I shake my head, "no."

"Are you hungry?"

"No, Sasha," I say with gravel in my throat.

"Okay. Let's sit here together and talk then, shall we?"

I can barely breathe and she wants to chat? How can she be this fucking chipper when I'm this fucking sick? I think I need medical attention.

"Call for help, Sasha," I say. "I need to see a doctor."

"You know I can't do that," I say to you.

"Sasha, I feel like I'm dying here. Please, please, please call someone."

You stare at me with those blood-red eyes. You have this look on your face, like I'm responsible for you feeling like crap. What are you accusing me of? What?

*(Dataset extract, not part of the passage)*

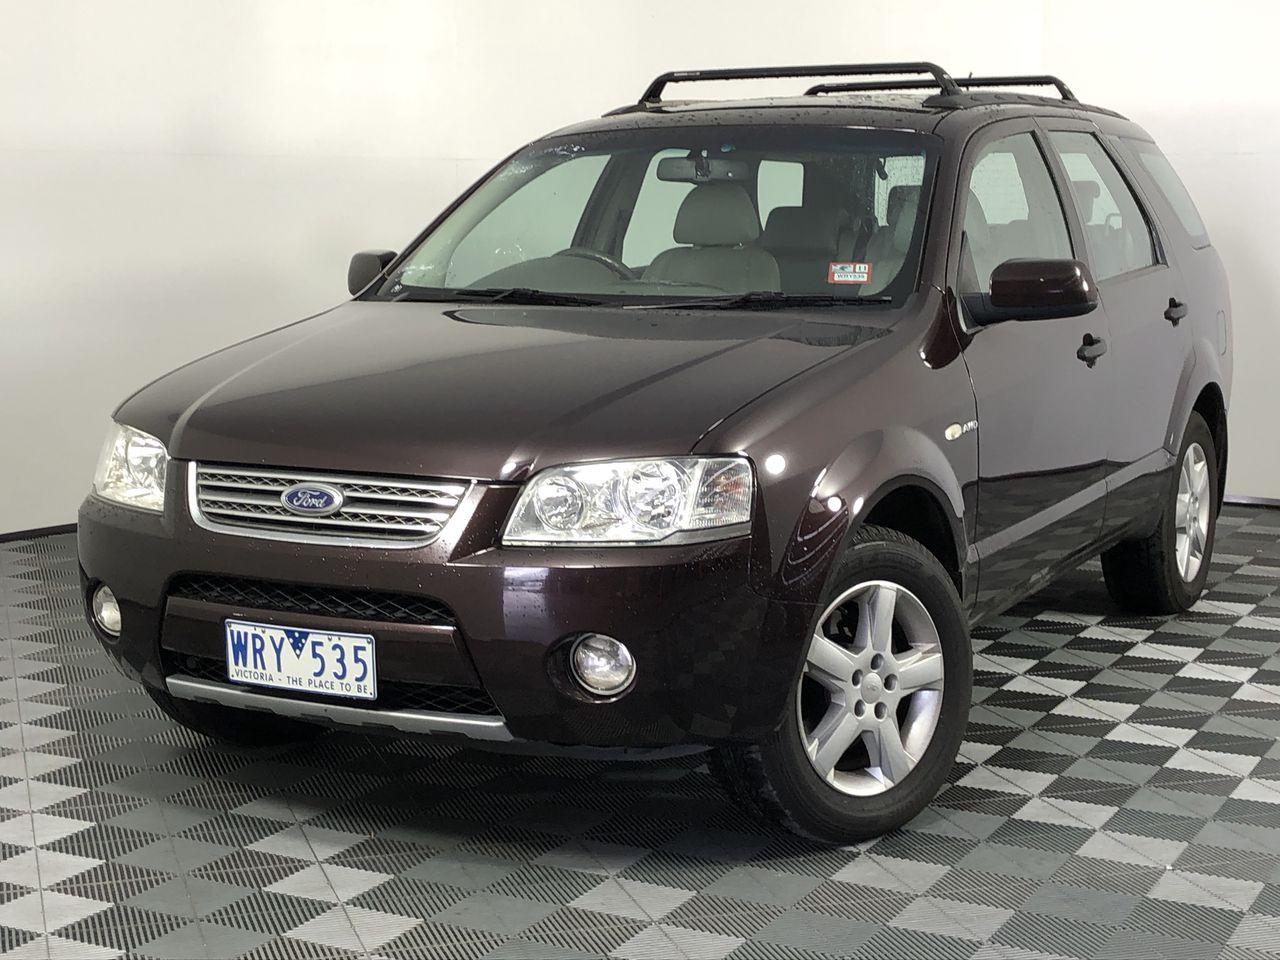 2008 Ford Territory Ghia (4x4) SY Automatic 7 Seats Wagon
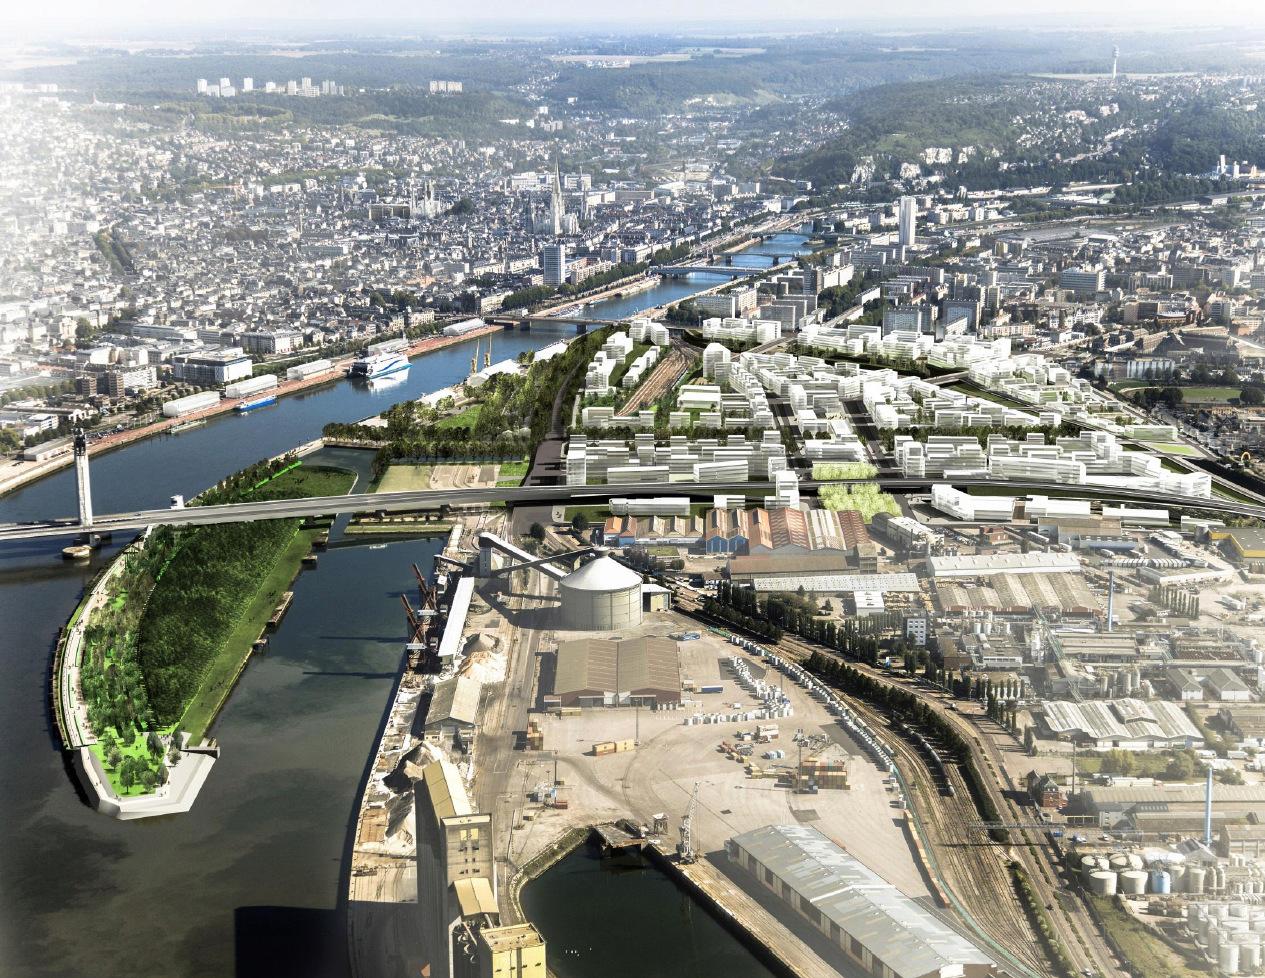 [Bientôt visible sur Google Earth] - Rouen - Ecoquartier Flaubert Birdey10

"You're my husband," I say to you, "and we're a team. I'm helping you get better. Don't you want to get better?"

No answer from you. Just that incriminating bloodshot stare.

"Isn't this nice?" I ask. "No wind. Beautiful sunny day. I'm so glad I'm sharing it with you.

"Leave me alone, Sasha."

"You know I'm never going to do that. We were so great together. You and me. Shared a lot of similar interests. We're both active and artistic. We fit together. I could have made you happy for the rest of your life. Well, I guess I can do that anyway!

"I wish we could go back to the ways things were when we were first together. Everything was so easy. Easy peasy. What changed? What made things so difficult? More like who made things so difficult.

"Was it because you thought you could use me to get over Cara? That I was the answer to your heartache? No, no, no, no, no. That's a lot of crap because you never wanted to get over her. You didn't even give me a chance in this relationship because Cara was already in it with you.

"You know even when I was sleeping with James, I only thought of you. Of how much I loved you. If only you had thought of me while you were off in Toronto screwing Cara. Didn't think I would find out, did you? I read your precious letter from precious Cara. I know it all now. I knew all along that you loved her more than me. I knew it deep down inside in my gut. I have good instincts."

There. That was my piece. All I had to say. It's your turn to answer.

"Are you insane, Sasha?" I ask, pausing to catch my breath. "Or psychotic?"

I take another breath and then sit up slowly and carefully. One vertebra at a time.

"How did you get so twisted? I loved you – only you. I never had any feelings for Cara after me and you got together. How did you manage to skew our relationship into one big fuck up? I don't understand it. You've hurt me beyond words. Once we're off the lake, I'm never seeing you again."

"Eric!" I screech in a voice that I don't recognize. "When you say things like that it makes me angry." I get up and stand over you. "Why can't you be nice to me for a change?"

I straighten up, sitting taller. Even though I can barely lift my arms and feel like I have glass in my bones, I could still do some damage to that little mite yelling in my face.

"Sasha, nothing I do will make any difference now."

I huff.

"Shut up, Eric," I say, kicking a stone at him.

You're right, though. You really are. Honestly, it wouldn't make any difference if you started being nice to me at this point. There's no going back from this. Nothing you say will ever change what I had done. What I've done. What I'm doing.